• Dysharmonie 3 - Plusieurs fois par cette malédiction j'ai embrassé la mort (Part 1)

    Penser, c’est réapprendre à voir, diriger sa conscience, faire de chaque image un lieu privilégié
    (Le Mythe de Sisyphe, Albert Camus). 

          L’Albatros s’était trouvé une nouvelle passion et il la pratiquait avec acharnement : il pleurait comme un Moineau, être de faible densité, mono-émotion. Tous les jours, dès qu’il avait un peu de temps libre, un peu de temps à penser, il pleurait, sous n’importe quel prétexte. Il pleut ; il s’ennuie ; il est ému par une série ; il angoisse sur son avenir ; il est tout seul au nid ; il reçoit un message adorable ; les chats lui font un câlin ; un beau discours : il pleure. Ça lui venait aussi naturellement que de rire ou d’éternuer. À peine avait-il le temps de sentir poindre une émotion que les larmes lui dévalaient déjà le visage. Il ne serait pas cavalier de préétablir que la plupart des actions et pensées mentionnées dans ce texte le furent dans les larmes et la mélancolie.

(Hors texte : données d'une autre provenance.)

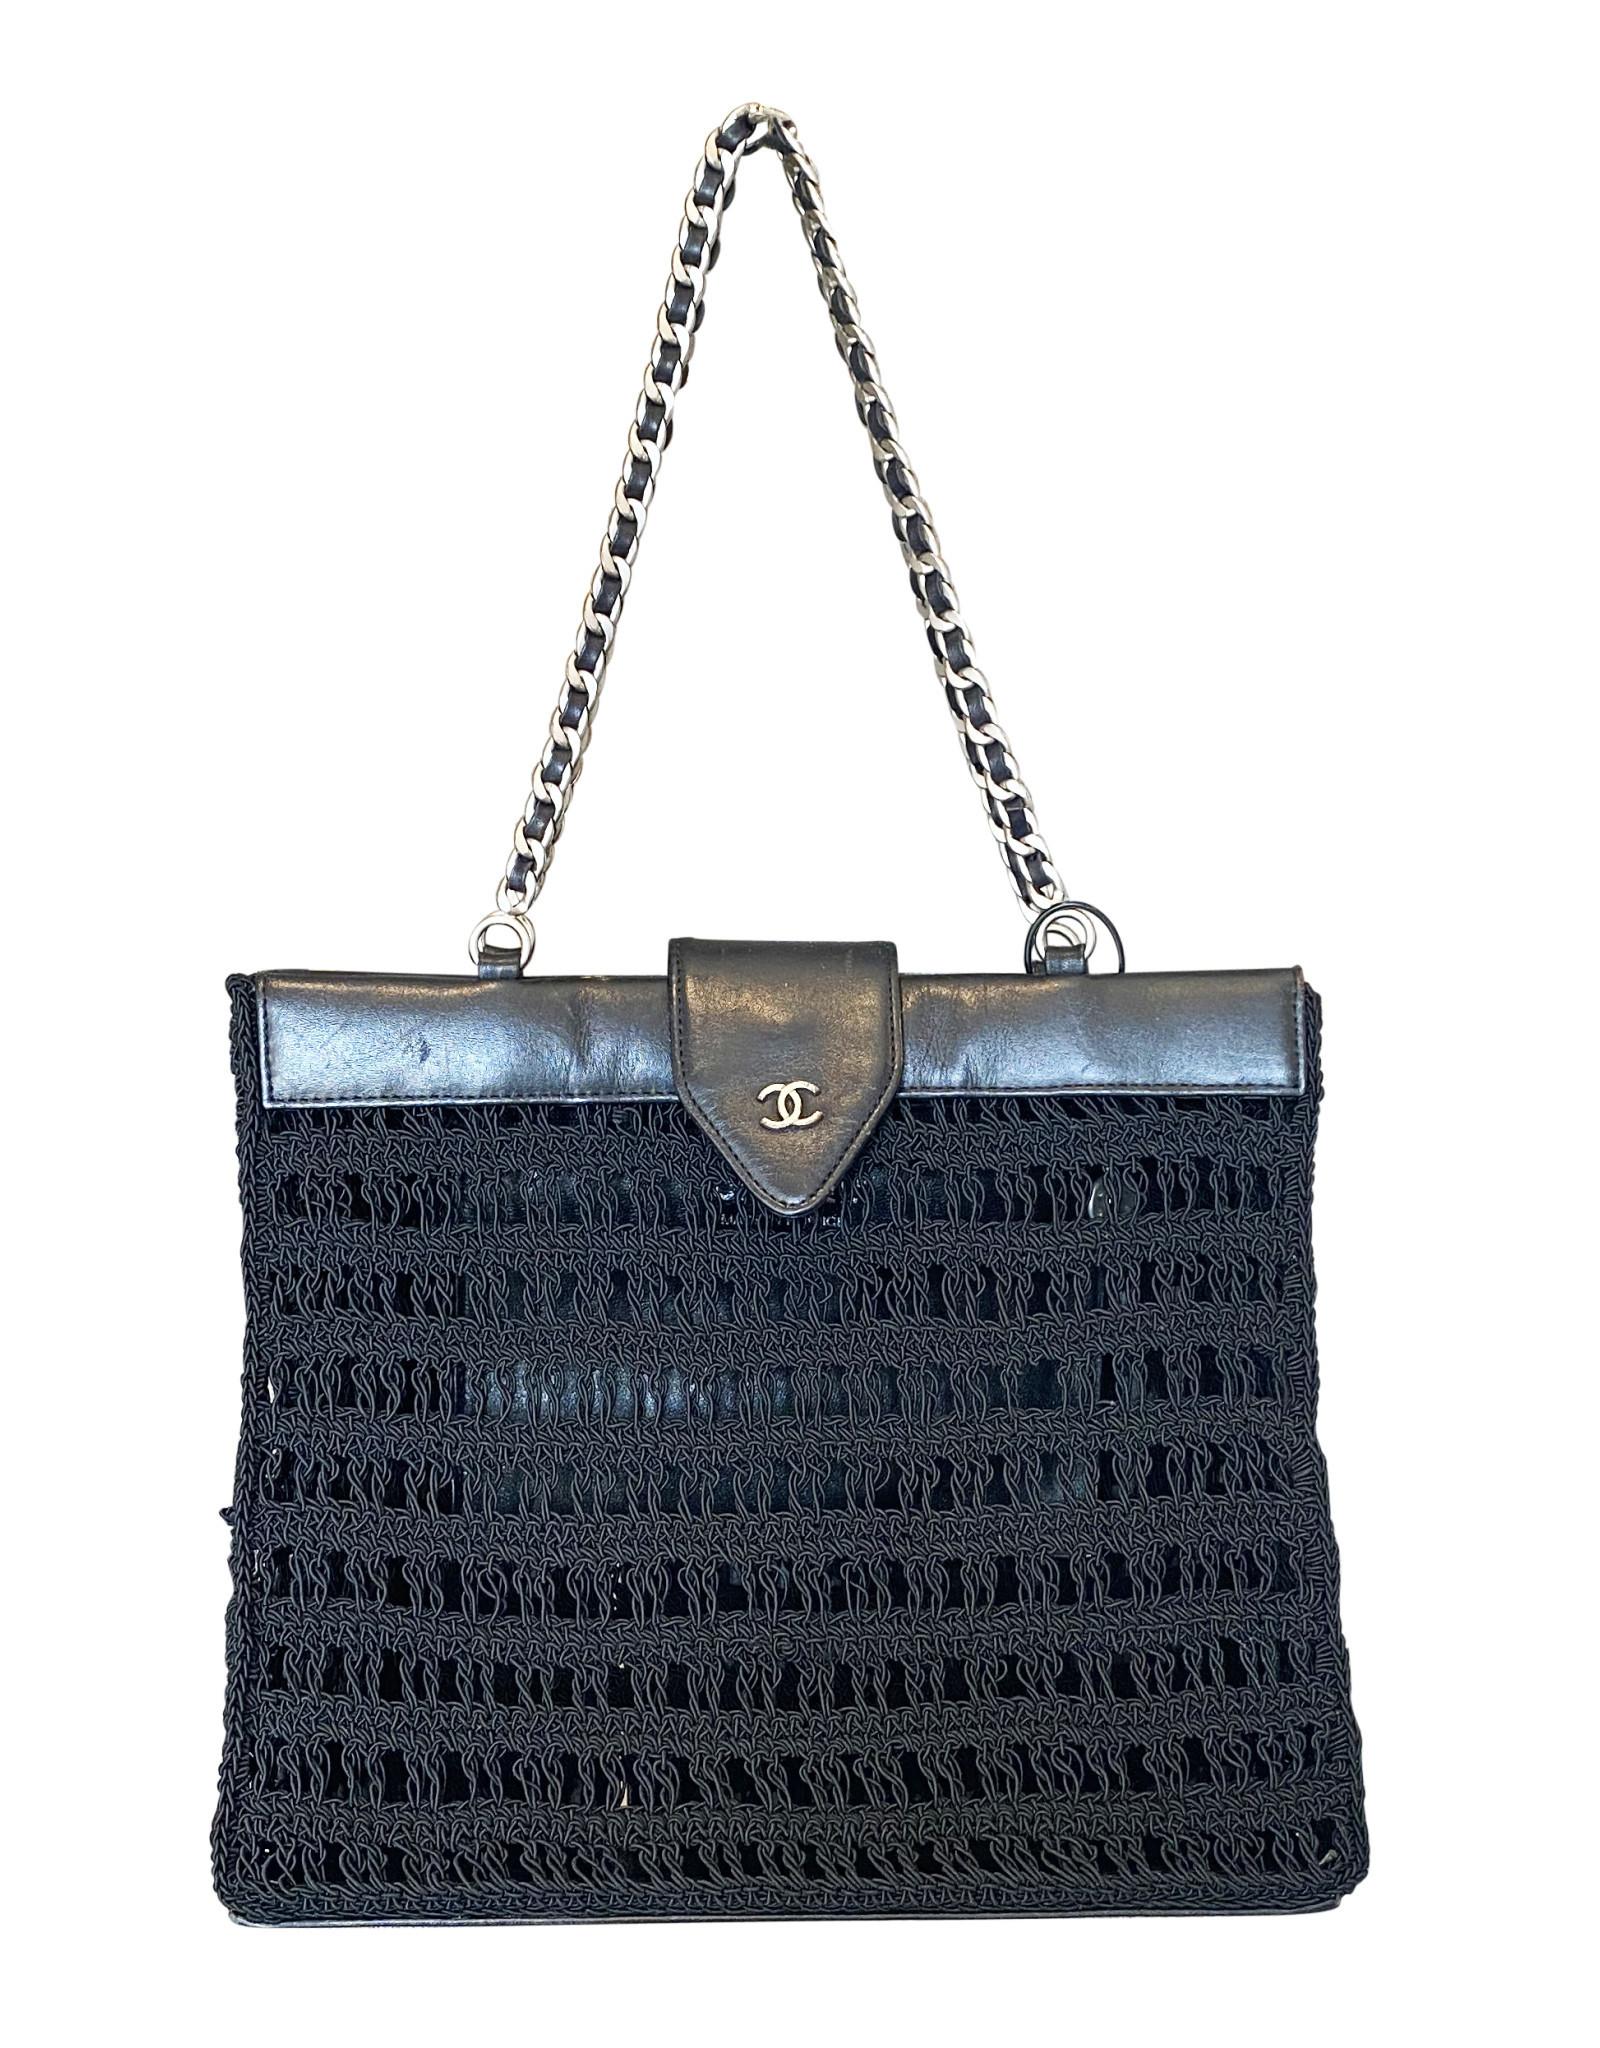 Chanel Chanel Crochet Shoulder Bag (Late 1990s Vintage)

Cette habitude, il l’avait prise il y a peut-être un mois et demi, et l’époque où il ne pleurait que lorsqu’il songeait à son défunt chat lui paraissait invraisemblable. Il avait aimé cela, pleurer son chat, il lui semblait que c’était un chagrin qui en valait la peine. 

    Jour 697 (30 avril 2024): Cette relation me donne envie de me passer la corde au cou de sentir mes cervicales ROMPRE pour que jamais plus je n'aie à pleurer.

          Le plus souvent, il pleurait sa petite Mangouste. Les autres fois il tentait simplement de faire diversion, faisait mine d'être occupé à d'autres malheurs, par honneur - cette valeur qui lui paraissait hautement conceptuelle tant il n'en avait plus.   
          La Mangouste n’était plus là pour le réveiller quand il s’endormait apaisé sur le canapé après quelques caresses, mais sa tristesse lui faisait reprendre ses esprits bien plus efficacement.

    Jour 691 (20 avril 2024) : Tu m'aimes paresseusement 
    Sur tes genoux, comme ton chat

          Une fois qu’il avait été invité chez des amis et fouillait ses placards à la recherche d’une denrée à rapporter, il n’avait pas pu se résoudre à prendre le paquet d’apéritifs marque Carrefour - Crispy Party, goût tomate, oignon, cacahuète - que la Mangouste lui avait emmené voilà dix-huit jours.  Maladresse adorable : la Mangouste voulait faire bonne figure en ne venant pas les mains vides, ignorant que le rendez-vous était donné dans un bar. Oui... Adorable. Pour un peu il aurait pris le paquet dans ses bras en pleurant, comme s’il s’agissait d’une éminente et rare relique de la Mangouste. Dans son frigidaire il observait les aliments achetés par la Mangouste avec mélancolie, comme les dernières traces effectives de sa présence chez lui : mayonnaise, fromage de chèvre, gruyère, lait… Il n’y touchait plus, ça l’écœurait. Sûrement qu’il devrait. Ça allait pourrir, comme beaucoup d'autres aliments du nid et son cerveau saturé par l’abandon ; le plafond de la salle de bain, également.           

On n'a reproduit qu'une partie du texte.